Fantasy and Discipline
Re-discovering the Music of Holger Czukay
I’ve been (re)discovering the music of Holger Czukay ever since reading Winter Ghosts, David Sylvian’s wonderful essay on their collaboration.
I say re-discovering since I vaguely remember some tracks (The Photo Song?) from a cassette that someone gave me during my high-school years. It’s only now though that I’m coming to a deeper appreciation of Czukay’s music, perhaps something to do with having reached another stage in (creative) life. At the time (the high-school years) it was more his work with David Sylvian that I connected with, particularly the tracks on second side of the Brilliant Trees album – Backwaters with Czukay’s spoken dictaphone snippets, for example: “There are always other possibilities”, or the collages on Weathered Wall and the closing part of Brilliant Trees.
On the Way to the Peak of Normal was the first Czukay album I started listening to this past summer since it was easily accessible via a Grönland Records re-release also available on Apple Music. (Movie! a version of Czukay’s breakthrough 1979 solo album Movies can be found there too.) I somehow came across a series of digital versions of vinyl releases by the Claremont 56 label available on Bandcamp, and realised that some of the versions there (Ode to Perfume, for example) helped the music bloom more fully – they simply sounded better than the Grönland re-release, and that got me started down a rabbit hole of Wikipedia, Discogs, and AllMusic investigations, as well as some peeks at Czukay’s own site.

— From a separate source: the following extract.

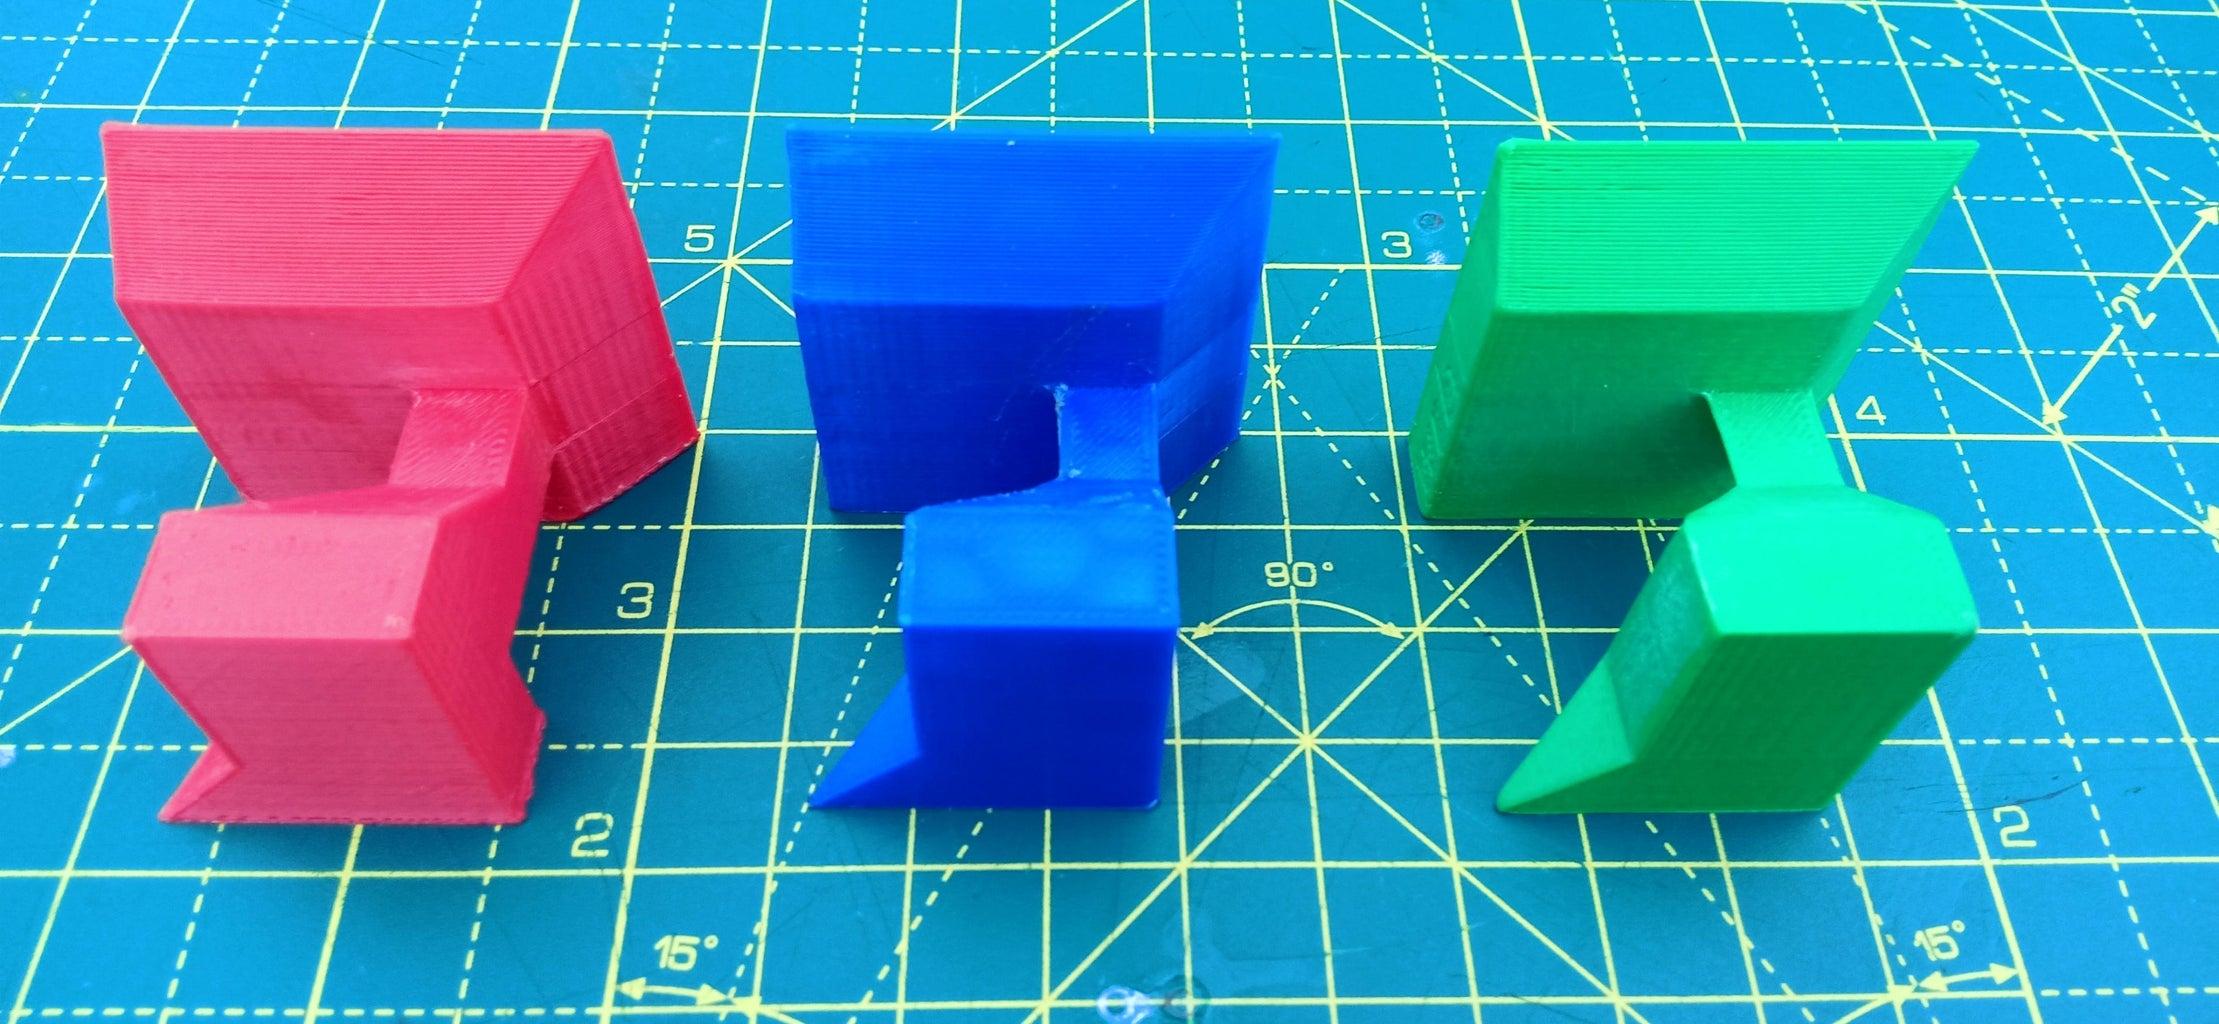 The 3 Piece Cube Puzzle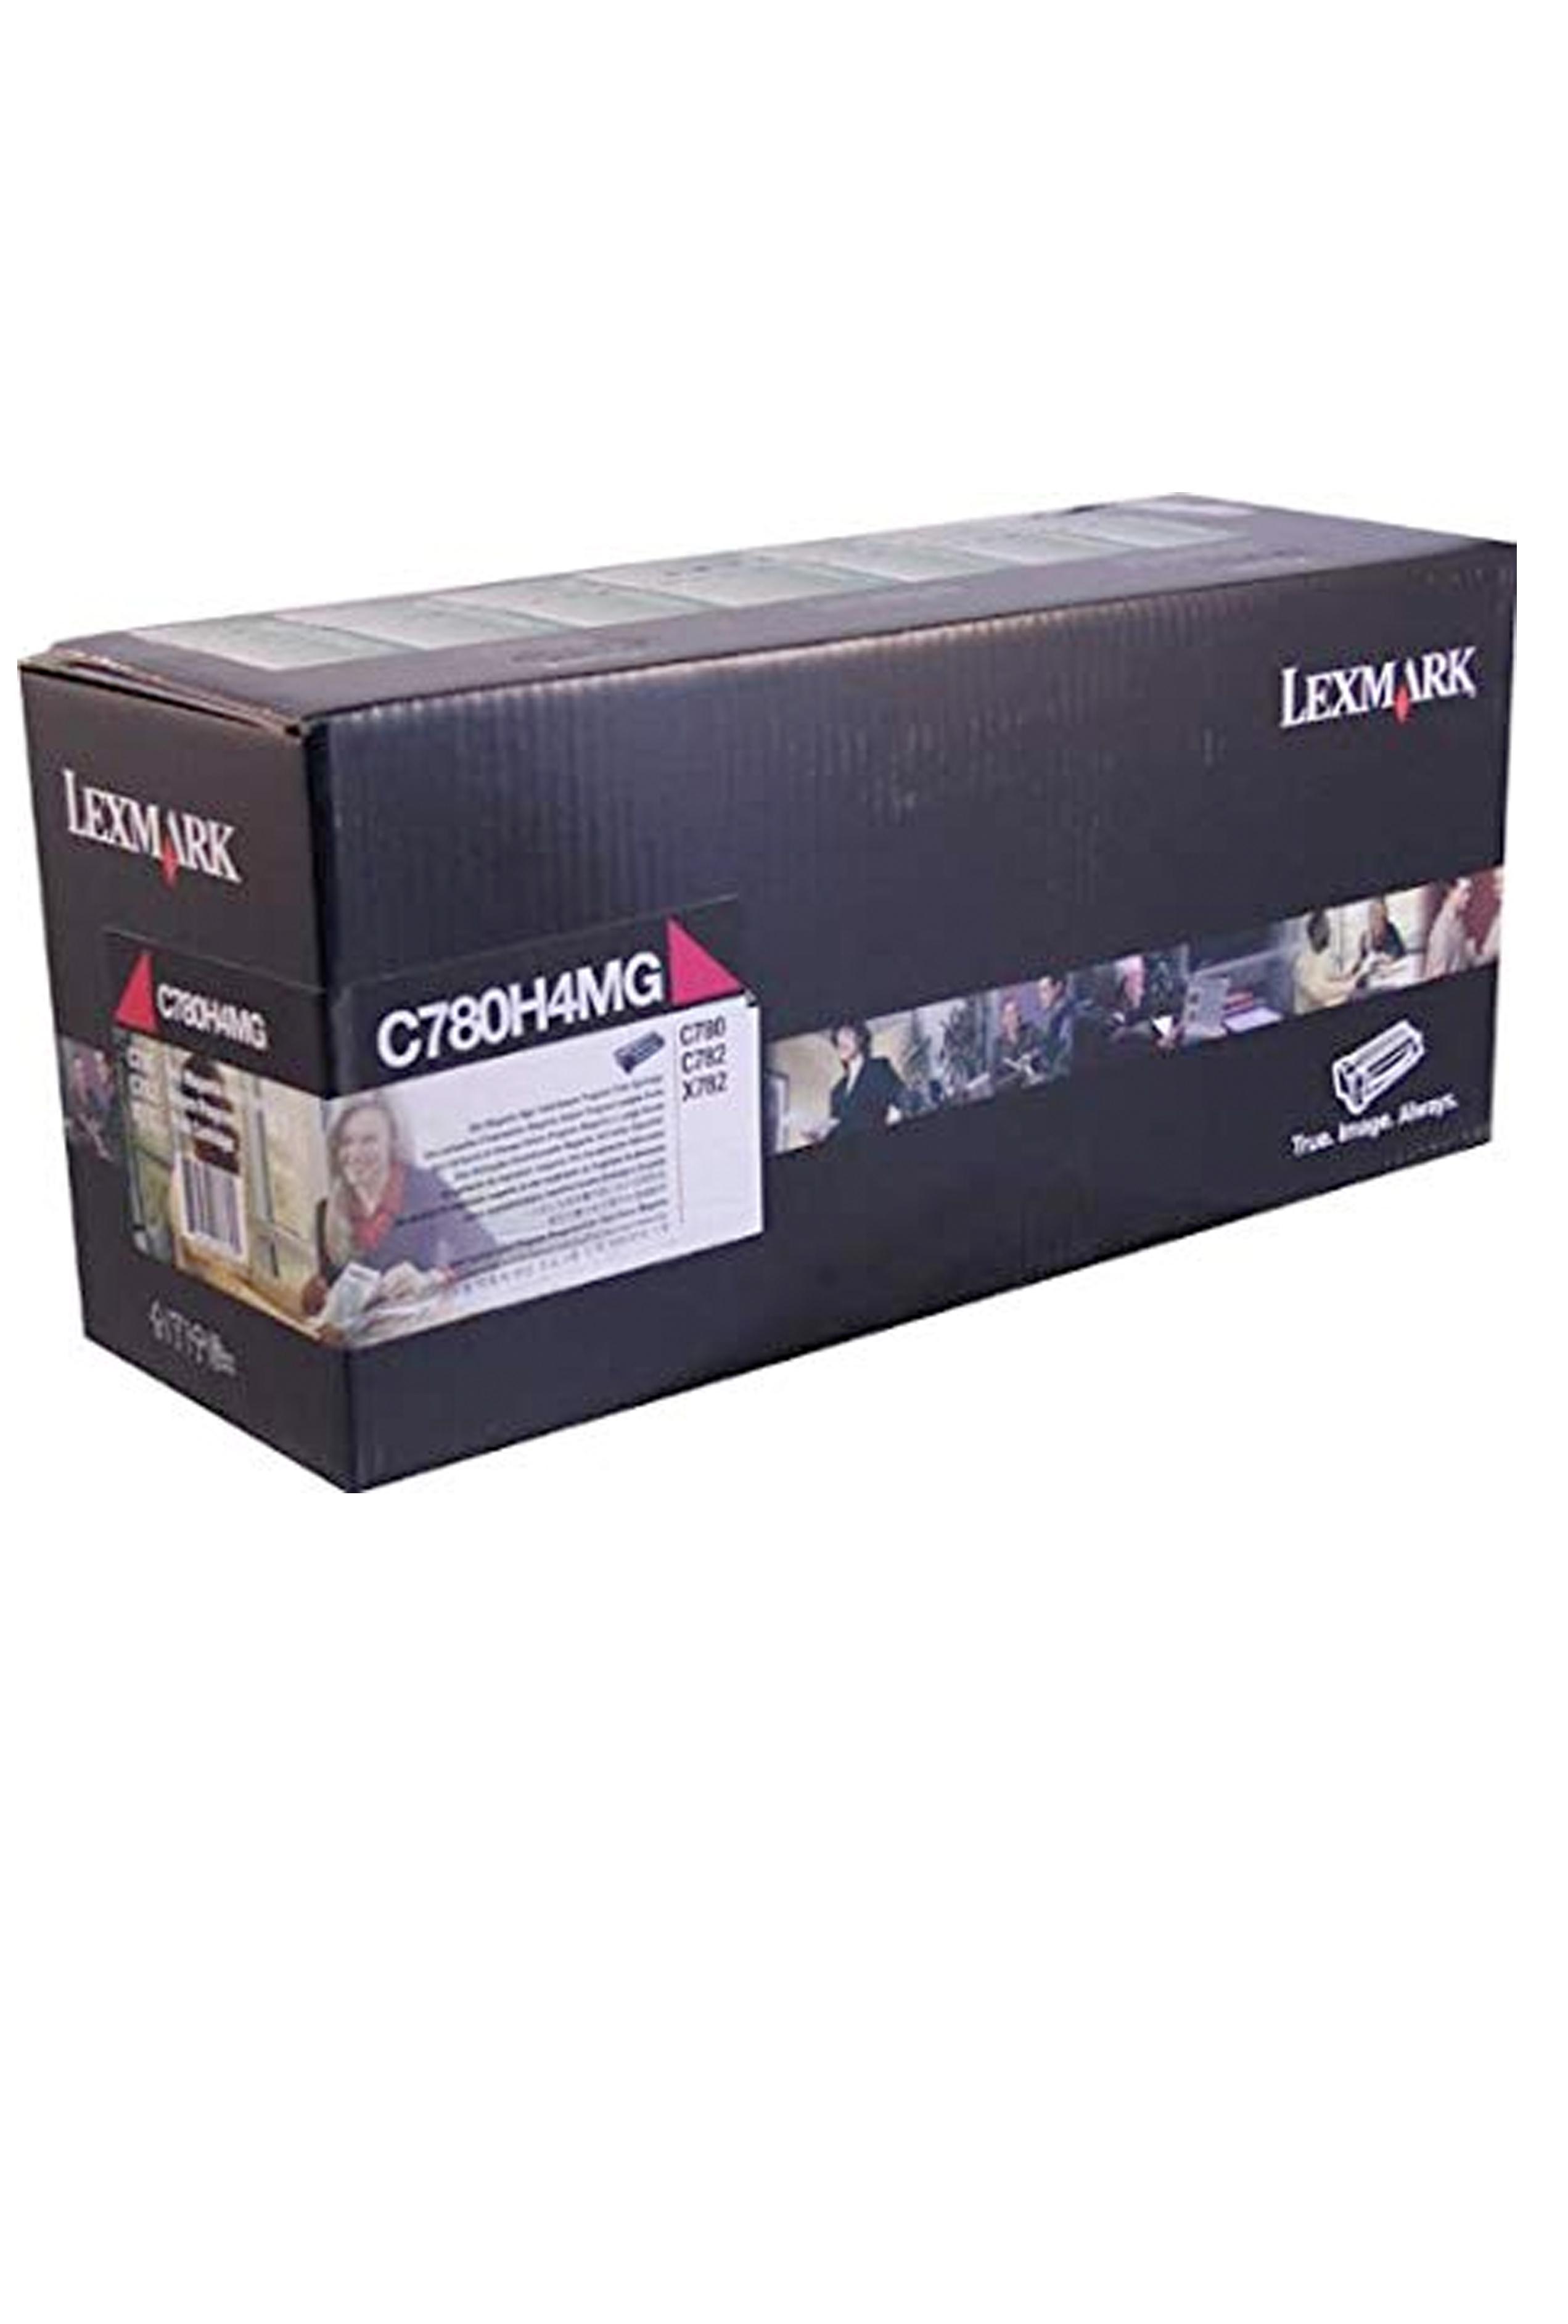 Lexmark LEXMARK MAGENTA HIGH YIELD RETURN PROGRAM PRINT CARTRIDGE (GOVT CONTRACT) (C780H4MG)

There were other tracks that too came to life in a different way – My Persian Love, a new version of Persian Love from the the Movies album quickly became another favourite. There is also the charm of Music is a Miracle with Czukay’s commentary on and over the tracks from On the Way to the Peak of Normal. Amongst those voice-overs there’s an interesting clue on the life-long inspiration Czukay found in the early recordings of Les Paul and Mary Ford (“the way Les Paul worked…, how he played the instruments, how he prepared his studio”) – another rabbit hole to disappear into. (How electronic some of those early Les Paul tracks sounded!)
Piecing together bits of information from various sources it appears that Czukay started planning a series of remastered re-releases, but that this process somehow got stuck and he ended up creating the new vinyl release versions with Claremont instead – giving up re-creating/re-mastering the entire back catalogue. It’s fascinating to trace the process via the news posts on Czukay’s own site: 166 entries in all ranging from 1997 to 2012. They’re a little difficult to navigate directly on the site but, due to the robustness of HTML, it’s possible to bring up the entries by simply changing the number at the end of the URL: czukay.de/legacy/news/166/, czukay.de/legacy/news/148/, czukay.de/legacy/news/123/ etc.
In the mean time, since his death just over a year ago, a box set of many of the old albums has been released, and a re-master of Movies is apparently on the way. John Payne has a fine review of the collection in The Quietus, also covering the techniques of re-splicing multiple mix-downs, techniques that have become a standard part of the present day use of digital technology.
Besides the combination of (serious) playfulness and (adventurous) exploration, listening to these albums has gotten me thinking more deeply about the art of making recordings – something that’s been transformed with the endless possibilities and extreme detail of our digital age. Since it’s so easy to get lost in the infinite canvas that todays DAWs offer, there’s been a move (return?) towards ‘pure’ documentation, whether it’s Aphex Twin simply recording his Cirklon sequences to a Sound Devices recorder or Walker Farrell documenting his improvisations without further manipulation – there is a focus on performance, on being present and in the moment. Czukay is regarded as one of the pioneers of sampling, but for all his innovations in that field there is still, in contrast to the performance oriented sample improvisations of someone like Daedelus, the notion of a (finite) canvas on which the sounds are assembled, and the possibility of drawing attention (through occasional obvious splices for example) to that canvas, to the surface of the music – to the fact that it is a collage. I’m wondering how this sense of recording might be taken up again.
Perhaps even more important than the technical aspects though, is the attitude that informed Czukay’s relation to the wide palette of music and sounds that he brought together in his music. As recounted by John Payne in the above-mentioned review, Czukay explained that:
These things are not the type of ‘masterpieces’ that come by thinking and torturing your brain. That has nothing to do with creativity. These things are in the air, and you just grab at the right time. This idea is based on an ancient way of producing. Very effective, actually – there is a chance to be surprised by something, and accept something that was not to be foreseen.